RECORDED DATA:
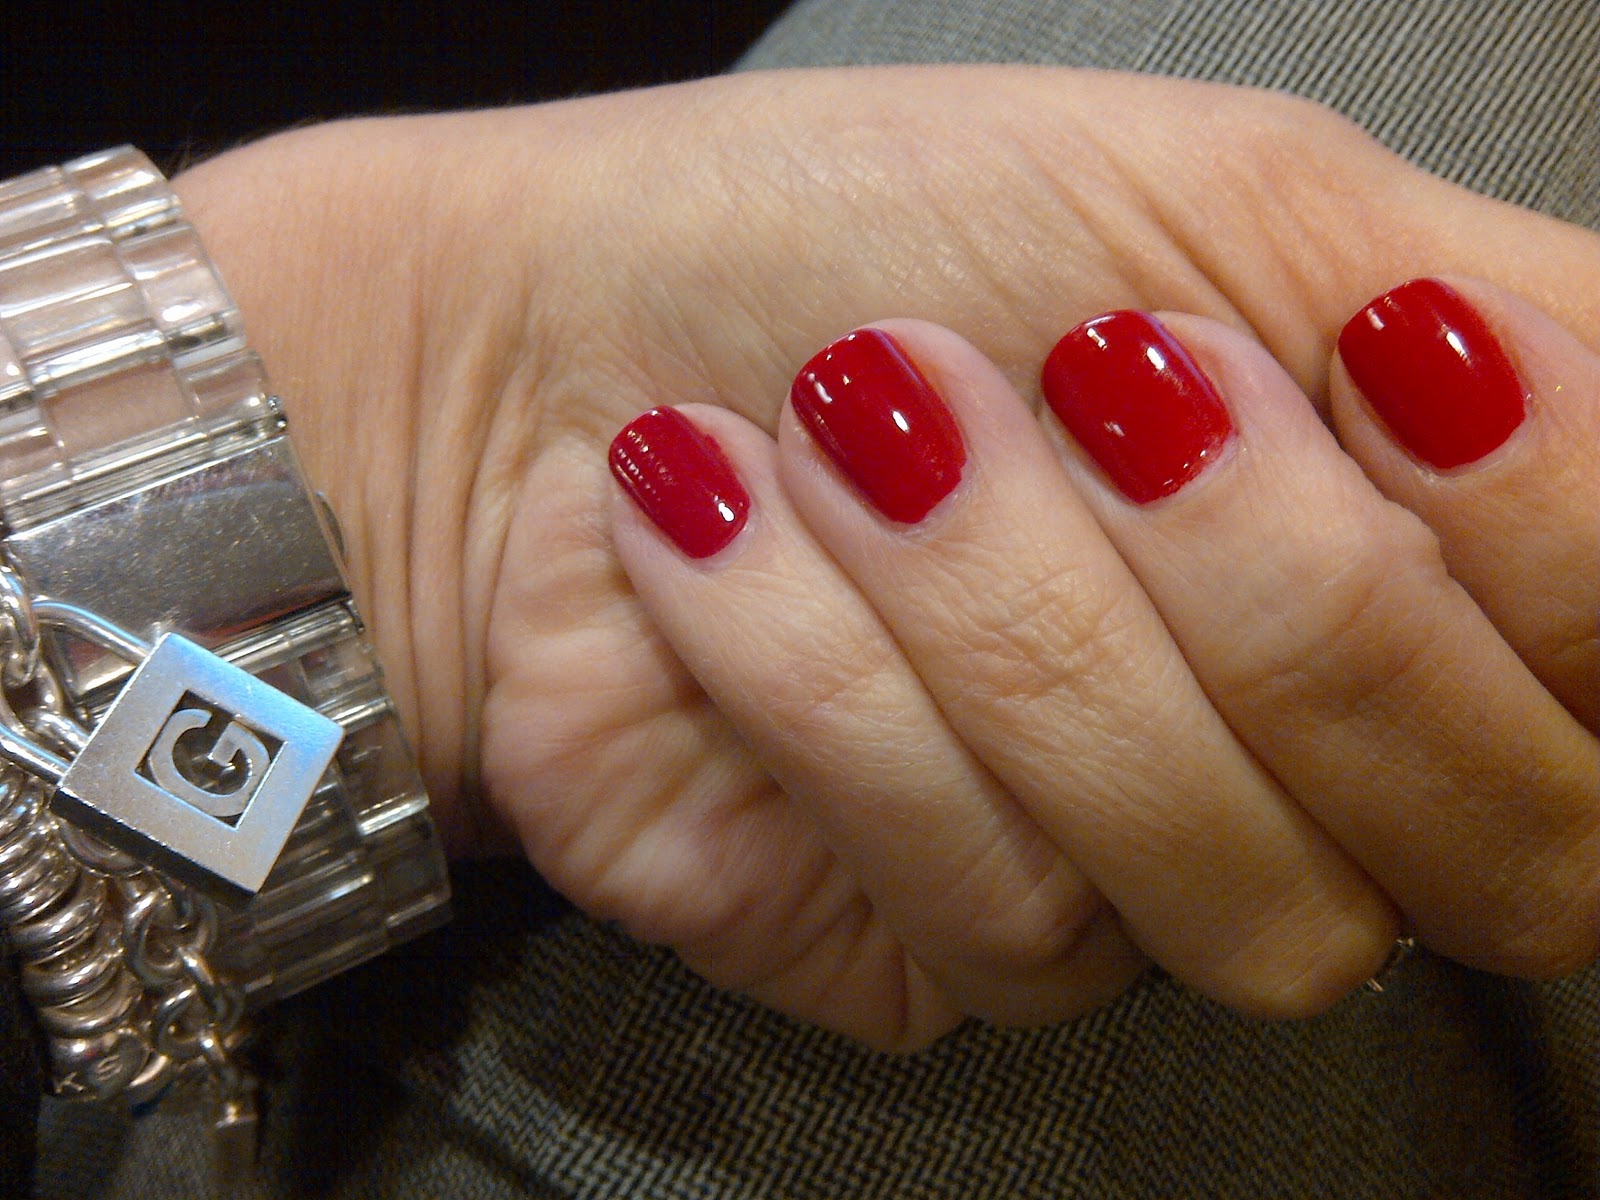 OPI Nail Lacquer in "Big Apple Red" - wide 8
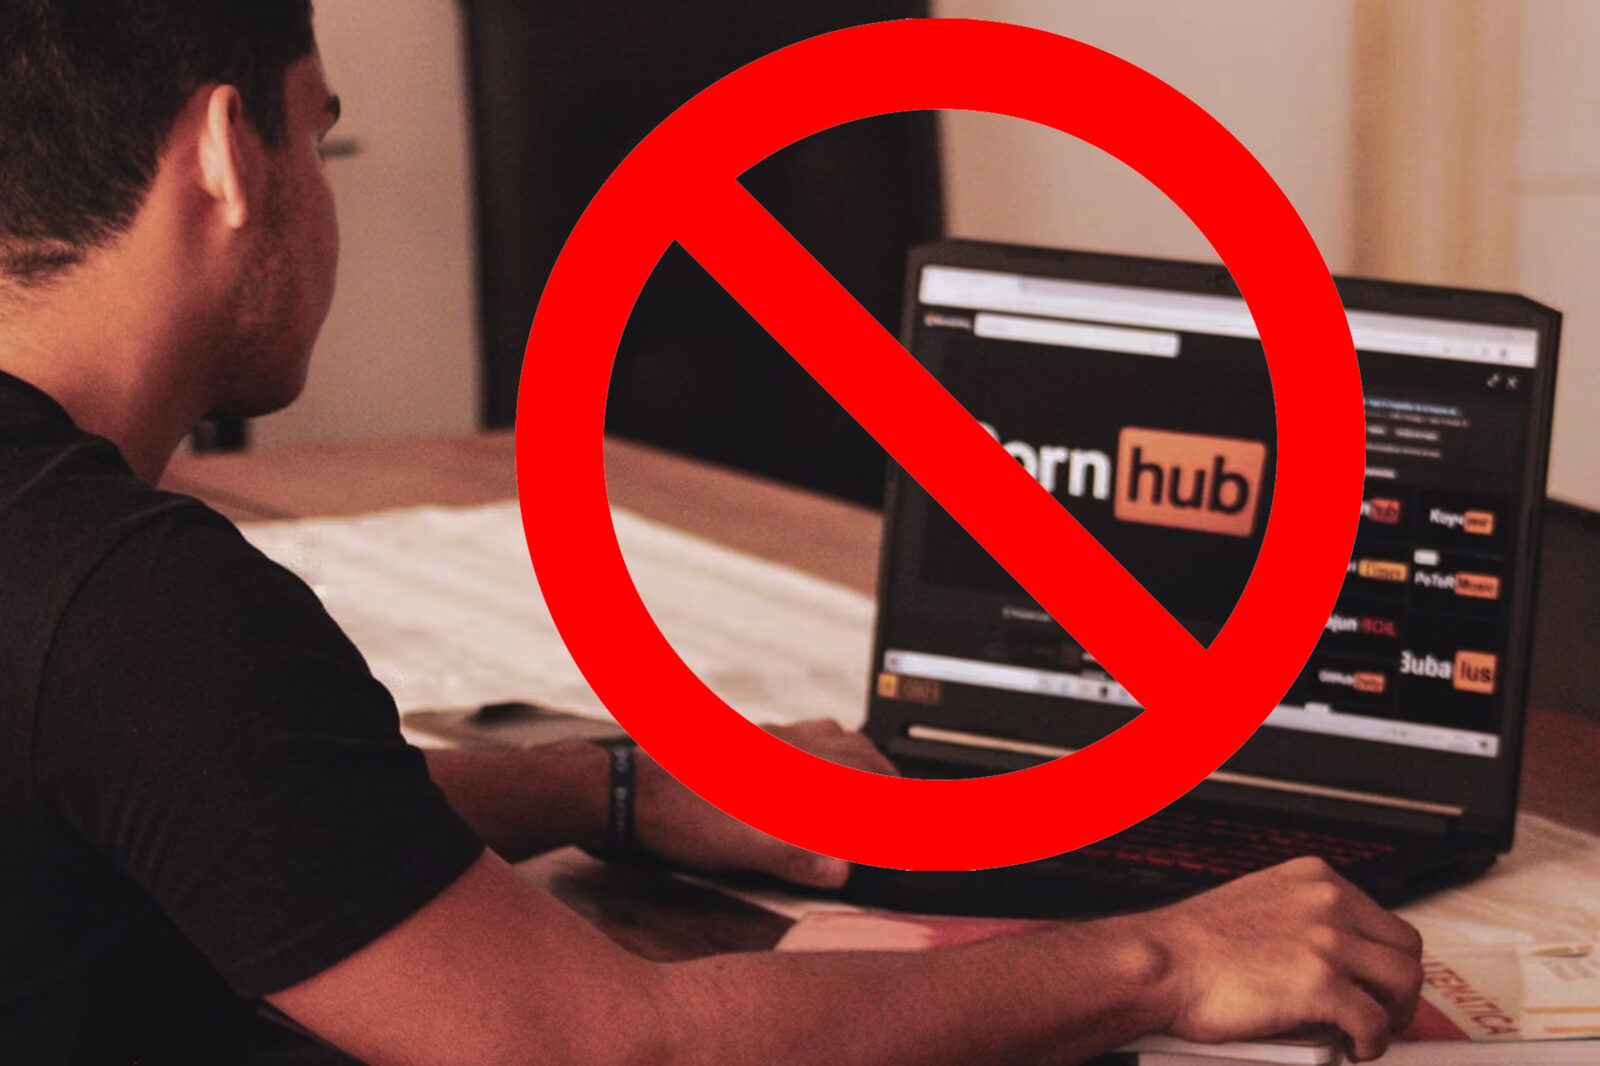 Prondhub - Pornhub Blocks Access In Utah Because of State's New Age Verification Law -  RELEVANT
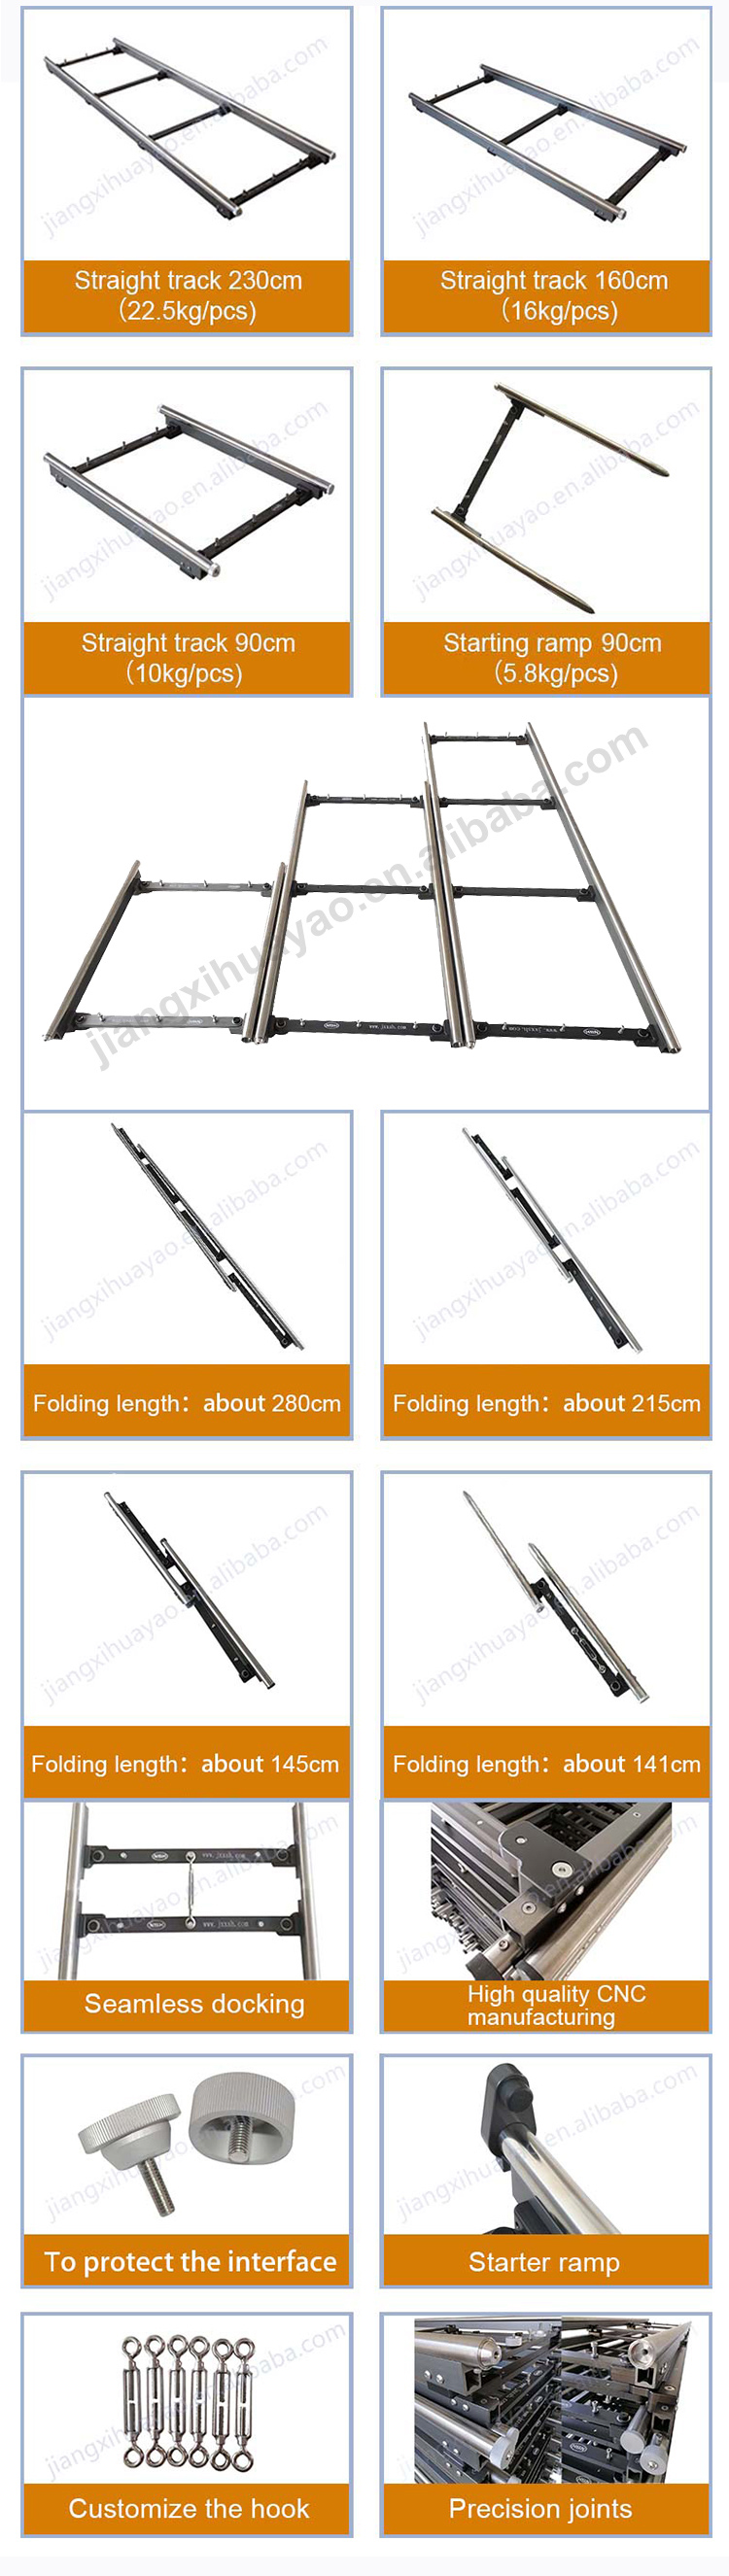 NSH--Promotional Top Quality Camera Track Dolly Straight Slider For Sale
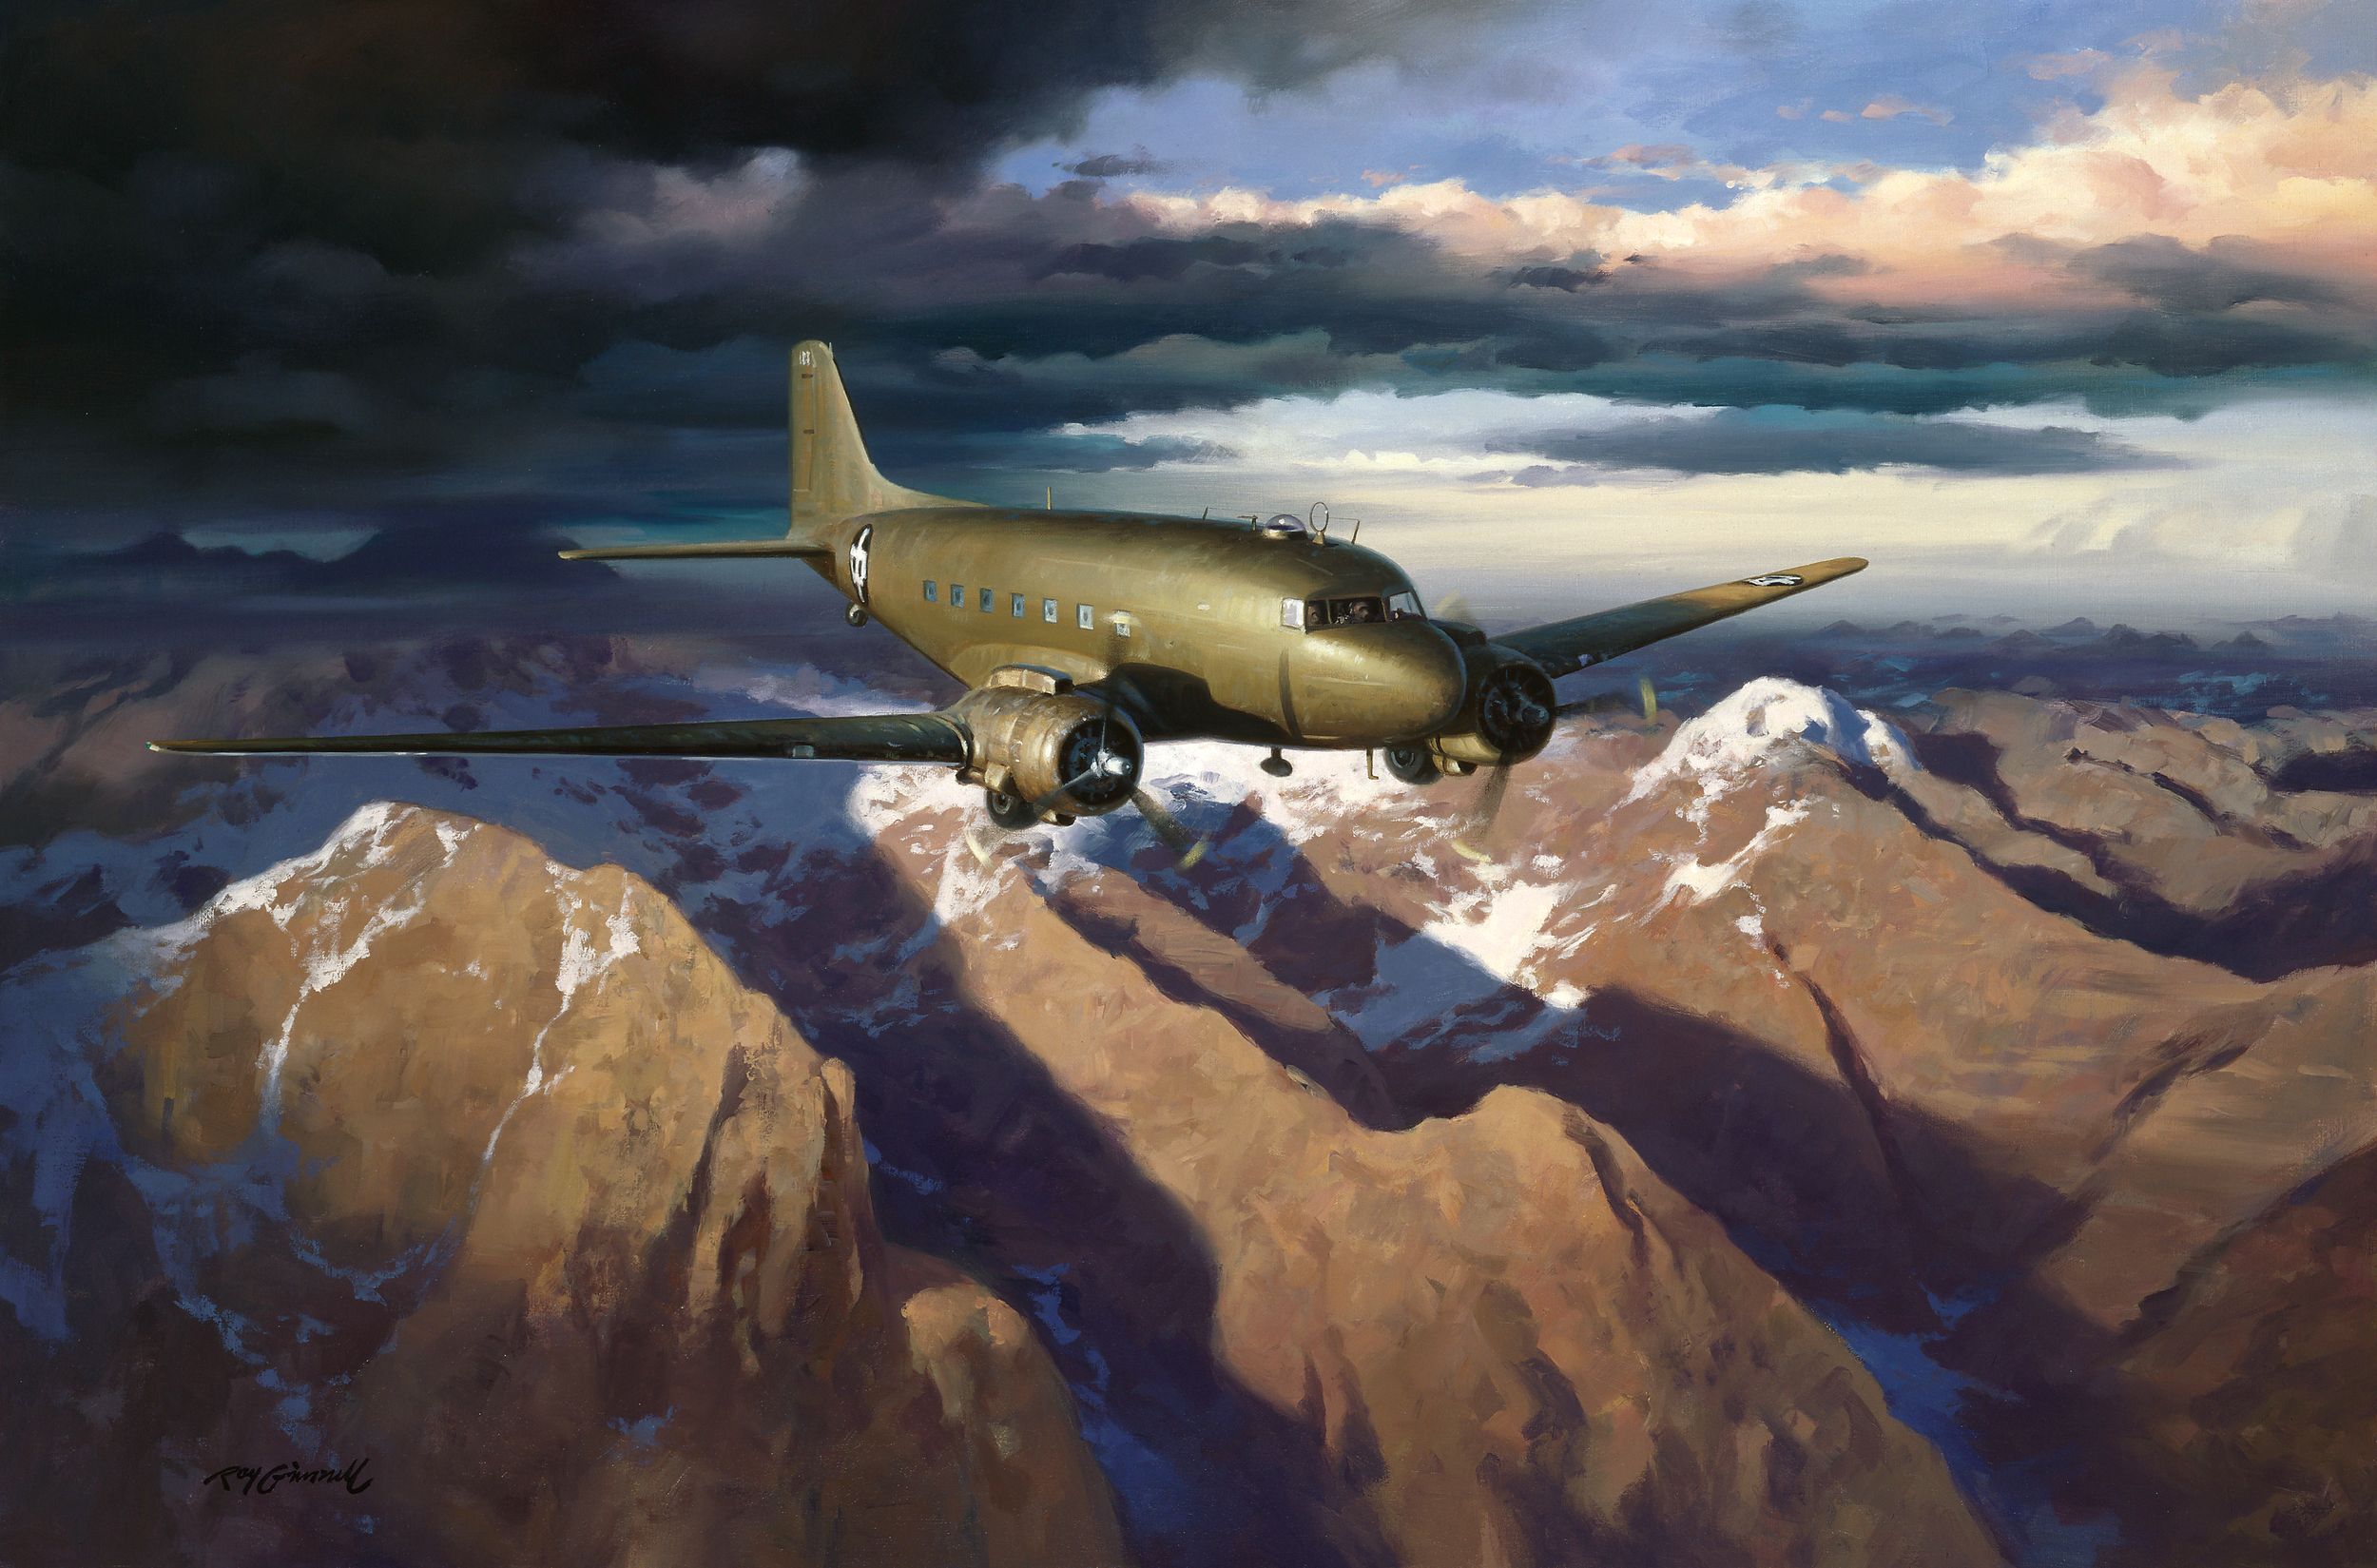 “Over the Top of the World” by Roy Grinell. Pilots flying this treacherous route over the Himalayas kept Allied supply lines open.

PROBLEM: Leave out the pictures, then return every line of the data exactly.

TASK ANSWER:
 OPI Nail Lacquer in "Big Apple Red" - wide 8
 Prondhub - Pornhub Blocks Access In Utah Because of State's New Age Verification Law -  RELEVANT
 NSH--Promotional Top Quality Camera Track Dolly Straight Slider For Sale
 “Over the Top of the World” by Roy Grinell. Pilots flying this treacherous route over the Himalayas kept Allied supply lines open.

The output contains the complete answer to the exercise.